Exercise instructions —
Beginning at the line that contains "Меган Маркл на", reproduce the entries below exactly, ending with the line that contains "PLA Navy CV 16 (Photo: Flickr/Simon Yang)". Omit each picture.

Information —
☆ ☆ ☆ ☆ ☆
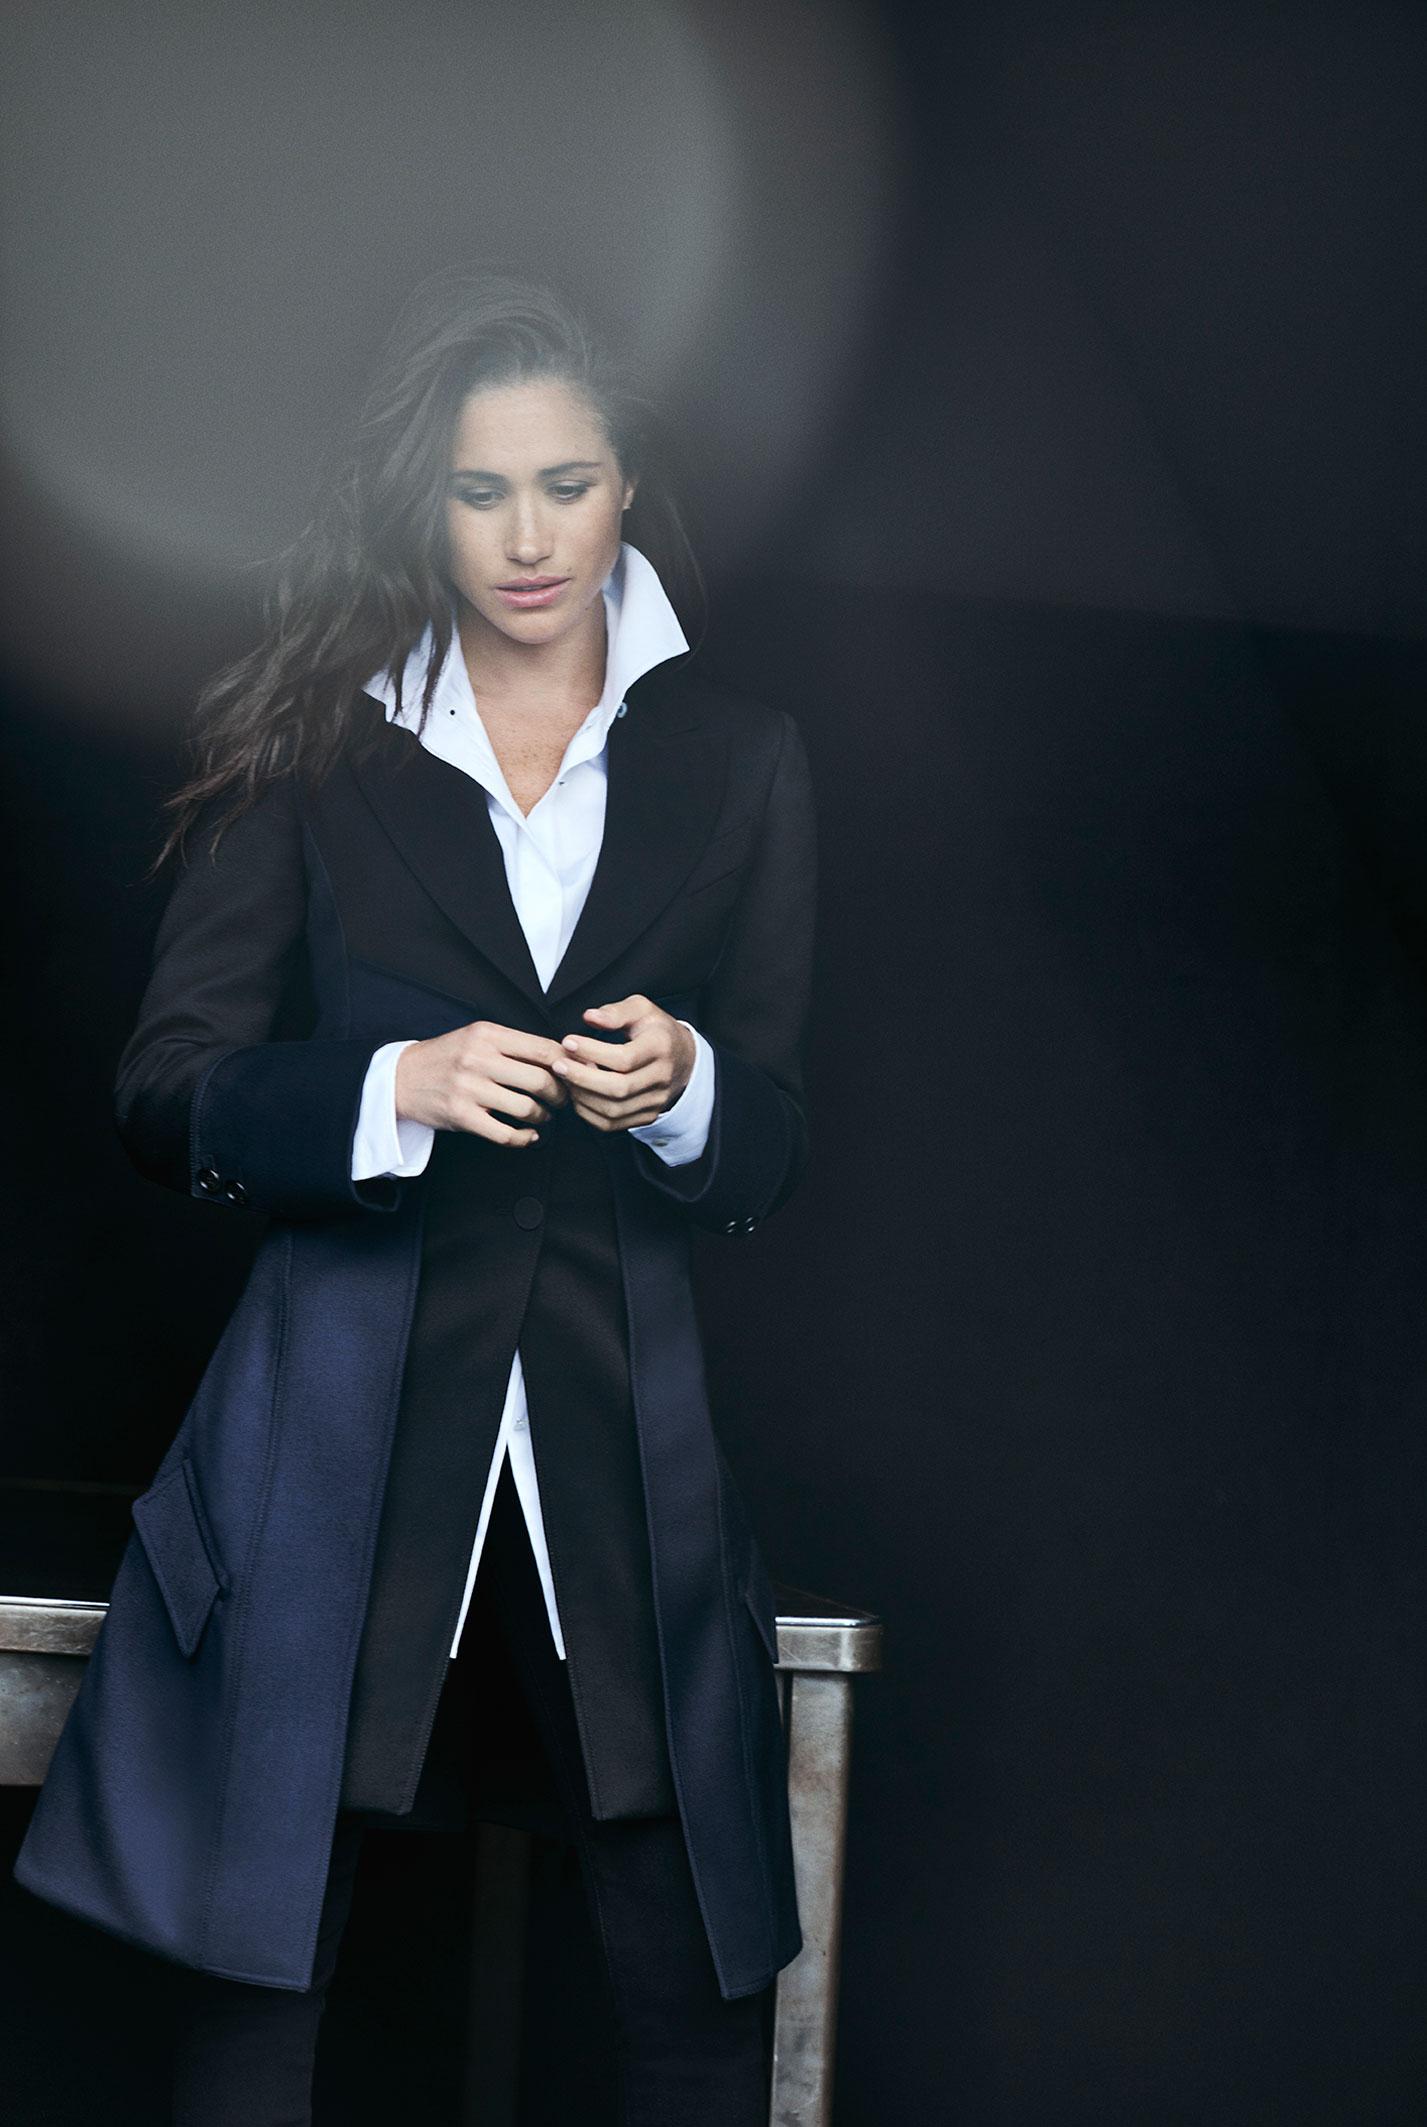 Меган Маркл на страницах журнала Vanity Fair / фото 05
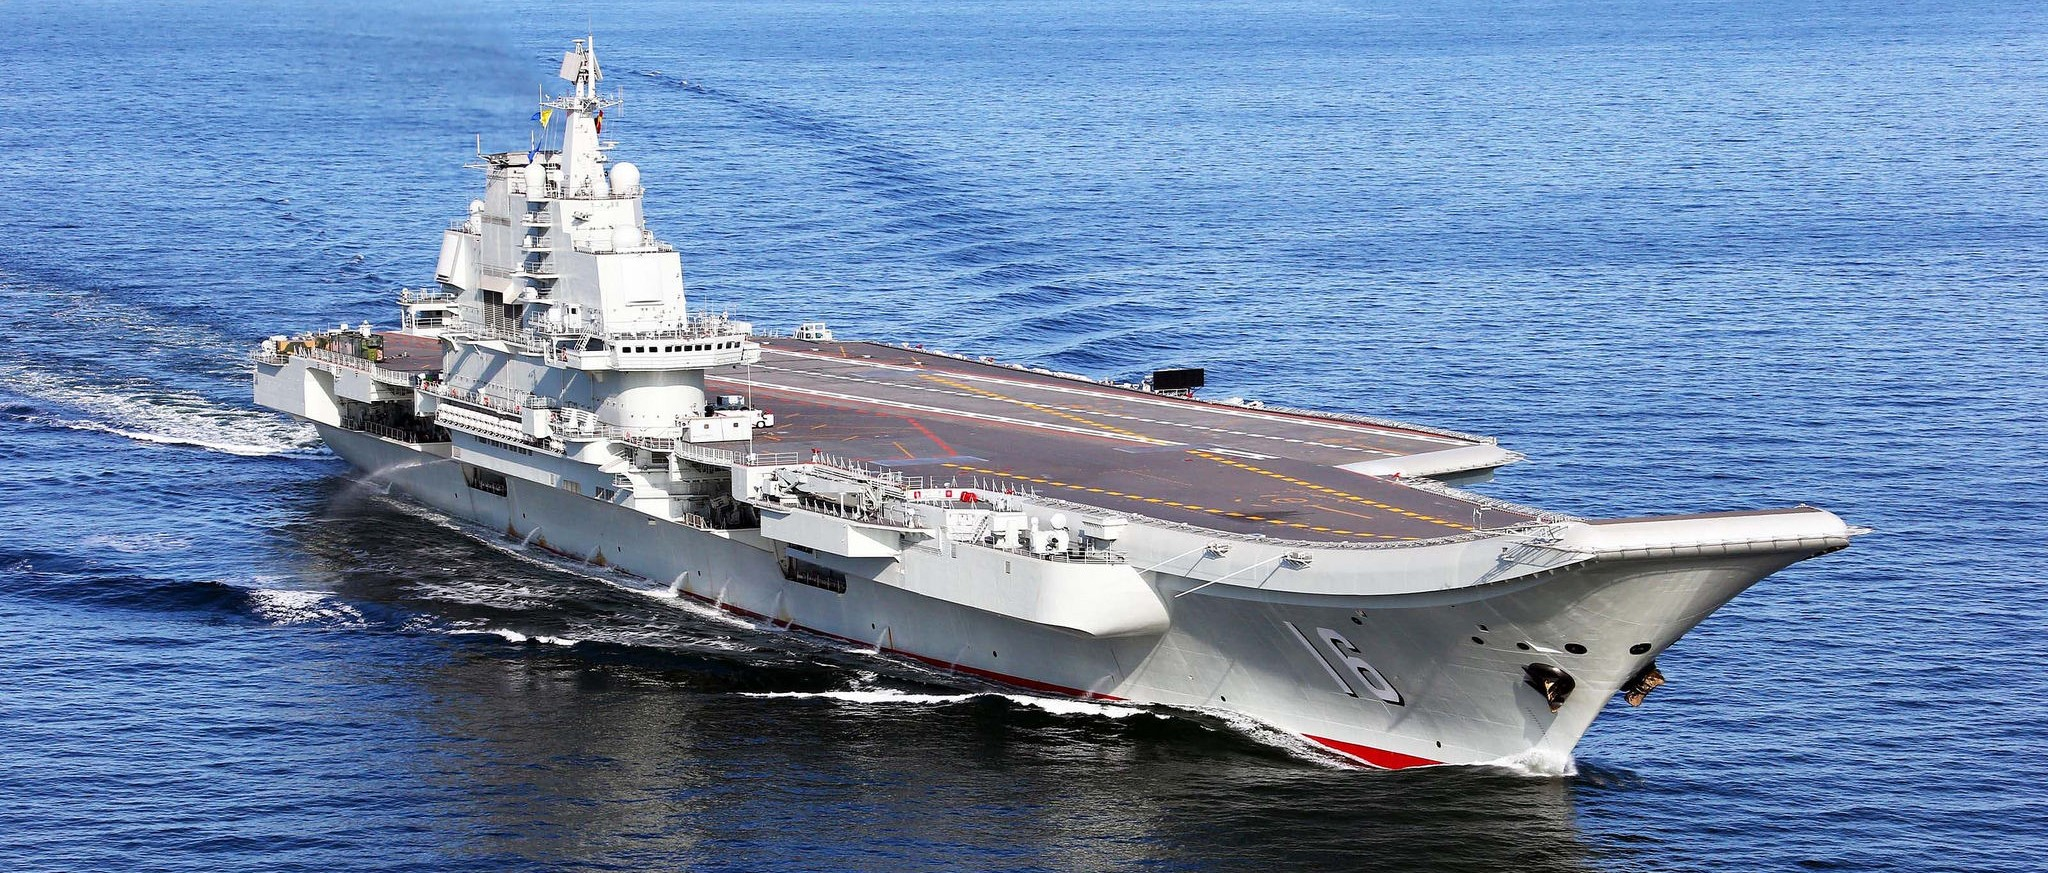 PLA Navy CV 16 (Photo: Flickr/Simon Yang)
☆ ☆ ☆ ☆ ☆
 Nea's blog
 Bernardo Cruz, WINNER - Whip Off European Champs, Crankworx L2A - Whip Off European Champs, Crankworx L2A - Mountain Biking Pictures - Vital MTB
☆ ☆ ☆ ☆ ☆
Response to the task —
 Меган Маркл на страницах журнала Vanity Fair / фото 05
 PLA Navy CV 16 (Photo: Flickr/Simon Yang)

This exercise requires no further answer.